The third ground upon which I assert that the words of v. 20a designate the formal gathering of the local church is the qualification given in v. 20a.  I am referring to the words, “in my name.”  Matthew 10:41 provides a parallel use of this phrase.  To receive a prophet in the name of a prophet means to receive him in his official character as a prophet, to receive because he is a prophet.  It is, therefore, not any gathering of men, or even any gathering of Christians which forms the specified condition of this promise, but the gathering in Christ’s name.  This phrase has reference to the gathering of Christ’s people in their official character as His church and under His authority.  It designates the gathering in view as one which is officially and formally and intentionally a gathering of Christ’s people under his authority.  One commentator has clearly seen the significance of this phrase when he says that gathering in Christ’s name “is a synonym for the new society.  The ecclesia is a body of men gathered together by a common relation to the name of Christ:  a Christian synagogue.”1

Let me illustrate the significance of this phrase.  A number of years ago I worked in large warehouse with a number of other Christians.  The warehouse was owned and operated by Amway Corporation.  At lunch we would eat together.  We often opened lunch with prayer and spent the whole time discussing biblical issues.  There were more than two or three of us.  That lunch gathering was, however, not a gathering in Christ’s name in the meaning of this text.  It was a gathering of Christians, true enough, but it was a gathering of Christians in the name of Amway Corporation and because of hunger, not in the name of Christ.  We were gathered as Amway employees and not as Christ’s official people.  We could not by any biblical right claim the promise of Matthew 18:20.  The specified limitation of this promise is the assembling of the local church officially in Christ’s name, because they are a church, and in their character as a church.  That, and that alone, is the condition which must be met for the claiming of this promise.

Its Clear Implication

The plain implication of this promise is that the Lord Jesus Christ in His identity as the eternal Son of God is promising the special presence of God to the church.  This is the implication of the promise itself.  Who but God Himself could keep such a promise as this?  Who but God could say, Wherever across the broad globe my disciples should gather till the end of the age, there I will be present.

This is the implication of the allusion to Old Testament types and promises.  We remember passages like Psalm 46:4, 5:  “There is a river whose streams make glad the city of God, the holy dwelling places of the Most High.  God is in the midst of her…”  Or we remember Isaiah 12:6:  “Cry aloud and shout for joy, O inhabitant of Zion, for great in your midst is the Holy One of Israel.”  Or we think of Jeremiah 14:9:  “Yet thou art in our midst, O Lord, and we are called by Thy name; Do not forsake us!”  Or Hosea 11:9:  “I will not execute My fierce anger; I will not destroy Ephraim again.  For I am God and not man, the Holy One in your midst, And I will not come in wrath.”  Or Zephaniah 3:5:  “The Lord is righteous within her; He will do no injustice.  Every morning He brings His justice to light; He does not fail…”  Or Zechariah 2:10:  “Sing for joy and be glad, O daughter of Zion; for behold I am coming and I will dwell in your midst, declares the Lord.”  When Christ gives the promise contained in Matthew 18:20, there is a clear allusion to such Old Testament types and prophecies.

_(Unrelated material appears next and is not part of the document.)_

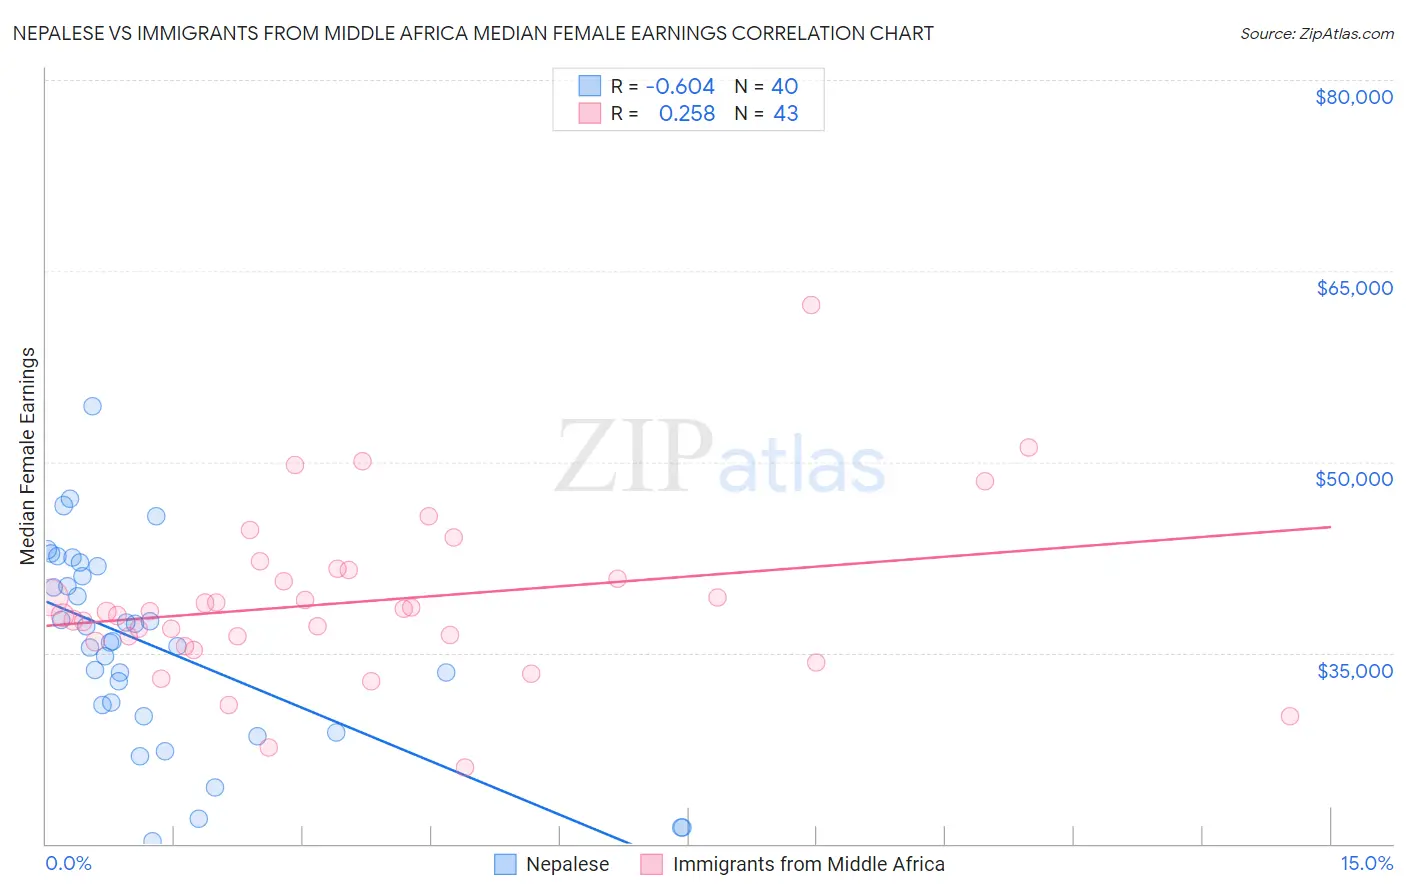 Nepalese vs Immigrants from Middle Africa Median Female Earnings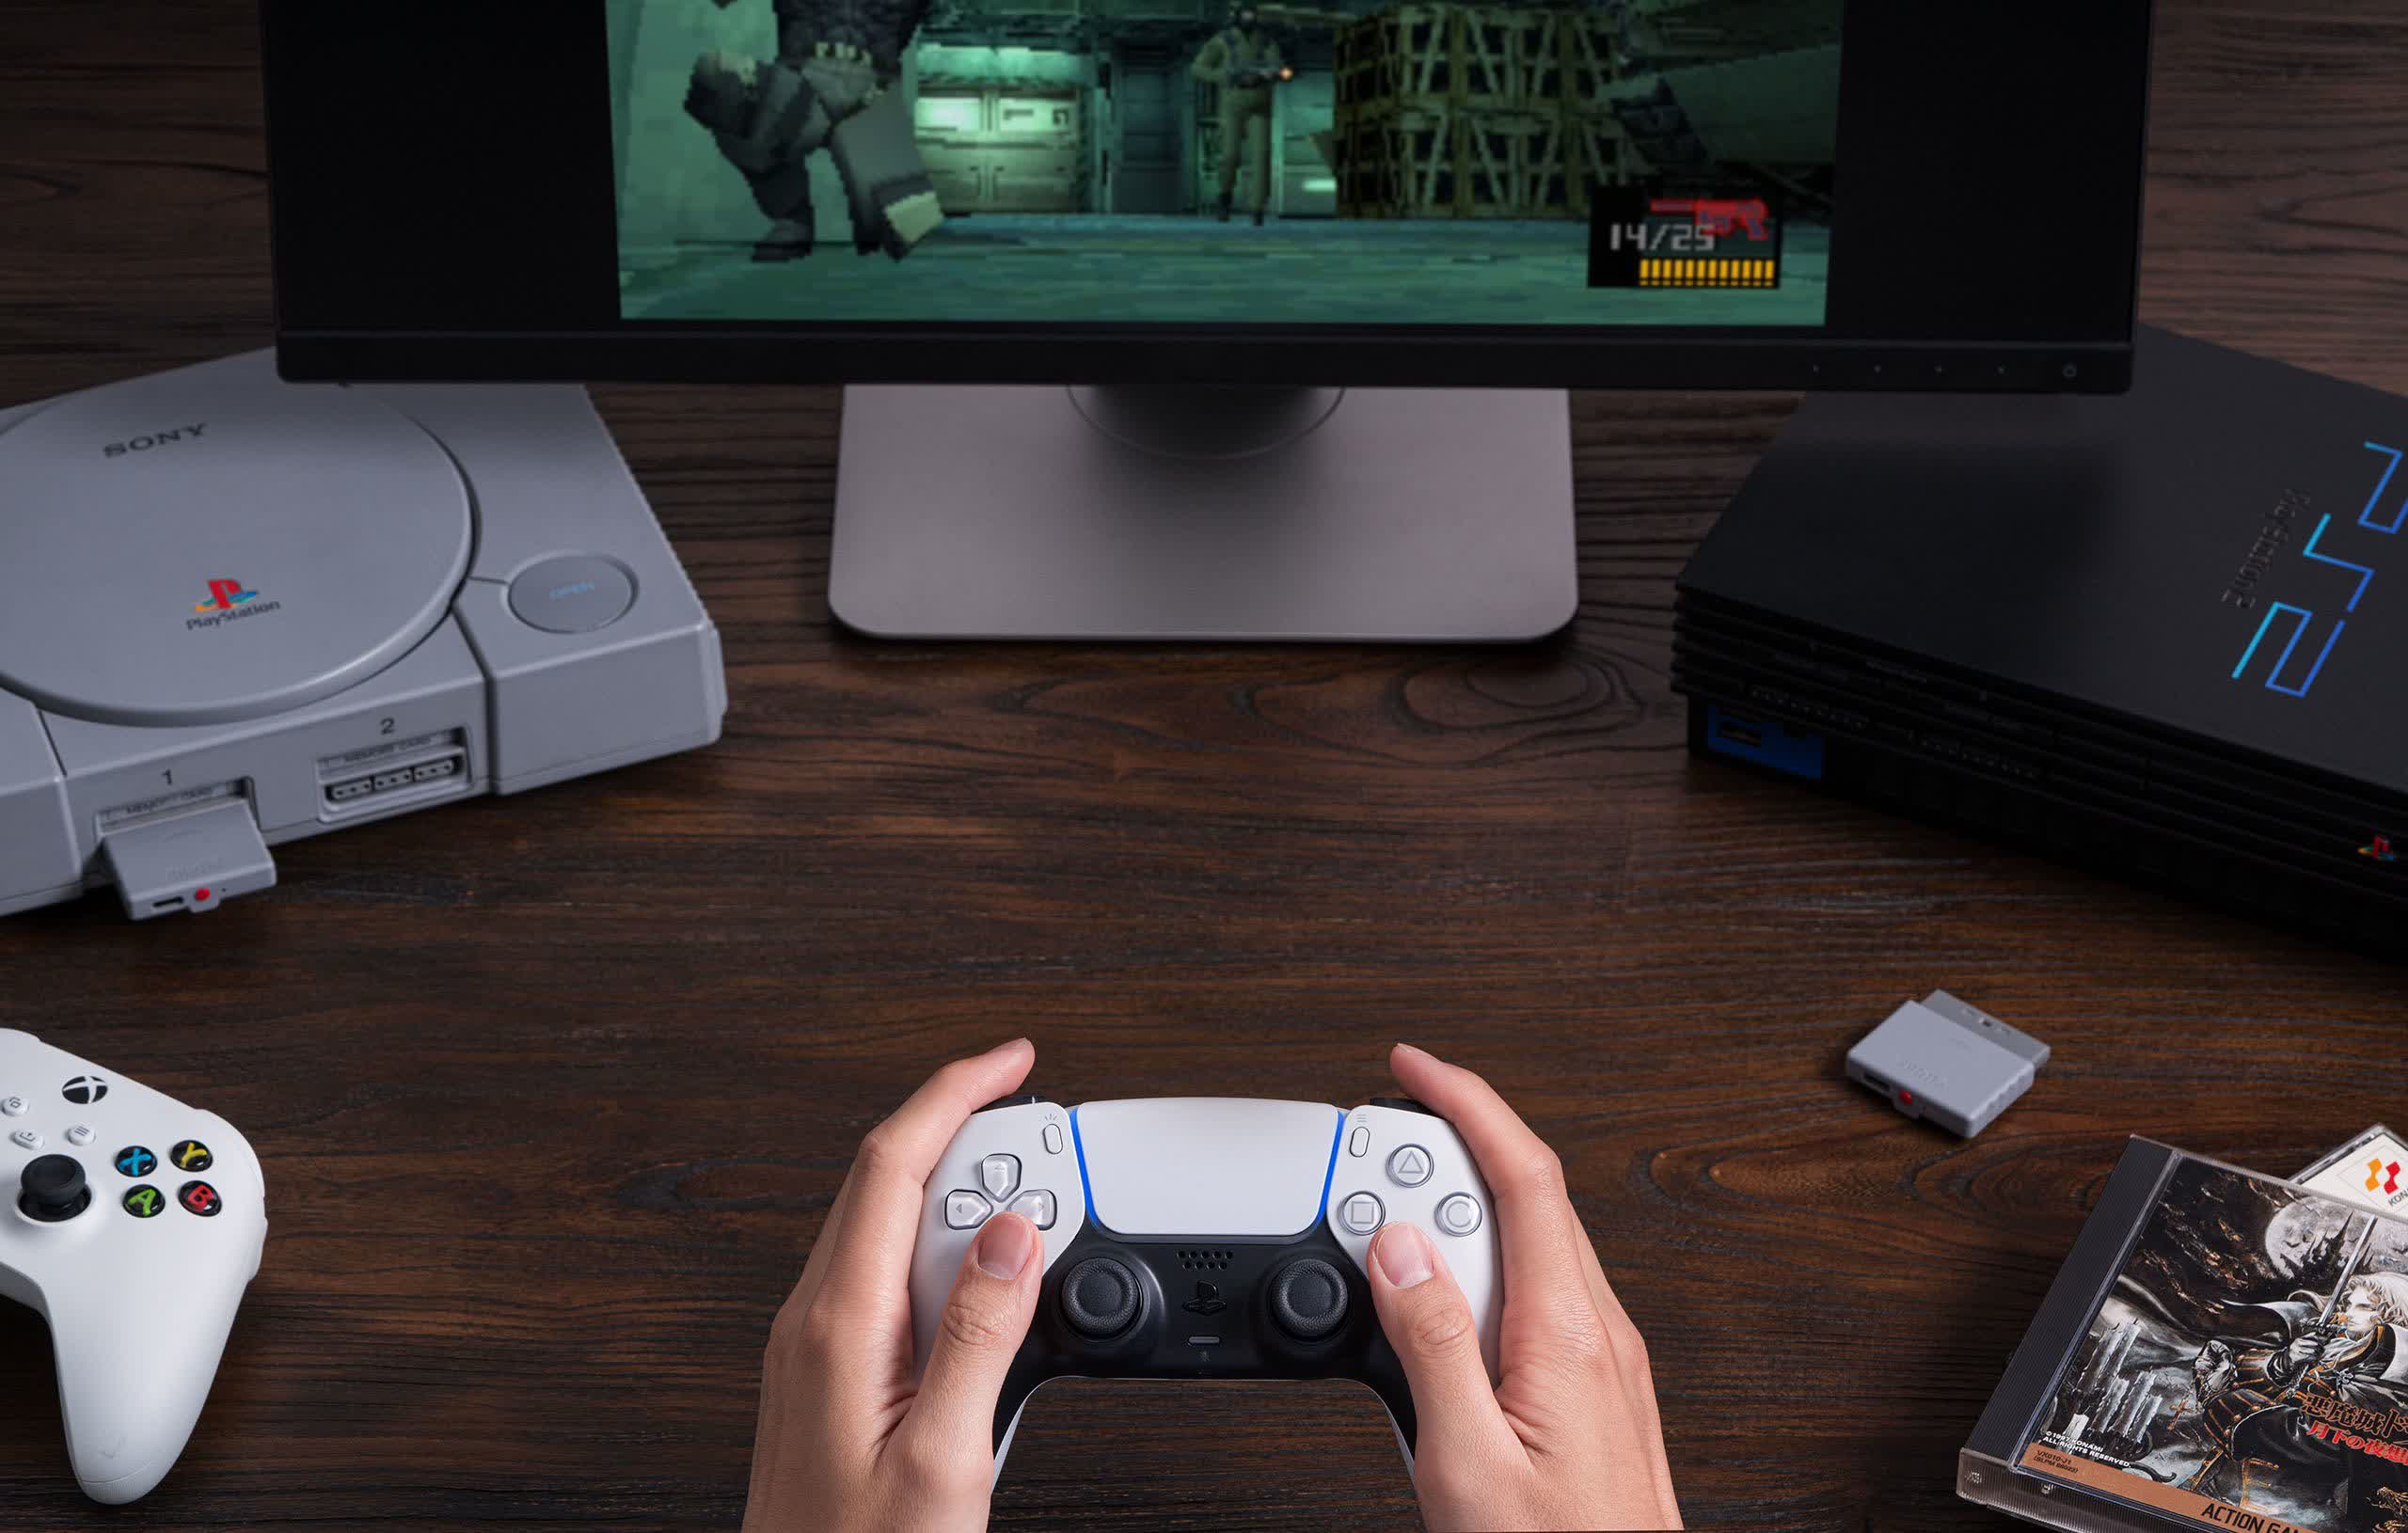 8BitDo releases adapter for using modern controllers on PS1 and PS2

But we know that this is a promise of the special presence of God with His people from the identity of the one speaking (John 1:1, 14).  Two things are affirmed in John 1:1 and 14.  First, they affirm that Jesus is God.  Second, they affirm that Jesus is the fulfillment of the Old Testament types and shadows.  When we read of the Word tabernacling (literally) among us, we are informed that in Jesus we have the new and greater tabernacle and the new and greater temple by means of which God dwells among His people.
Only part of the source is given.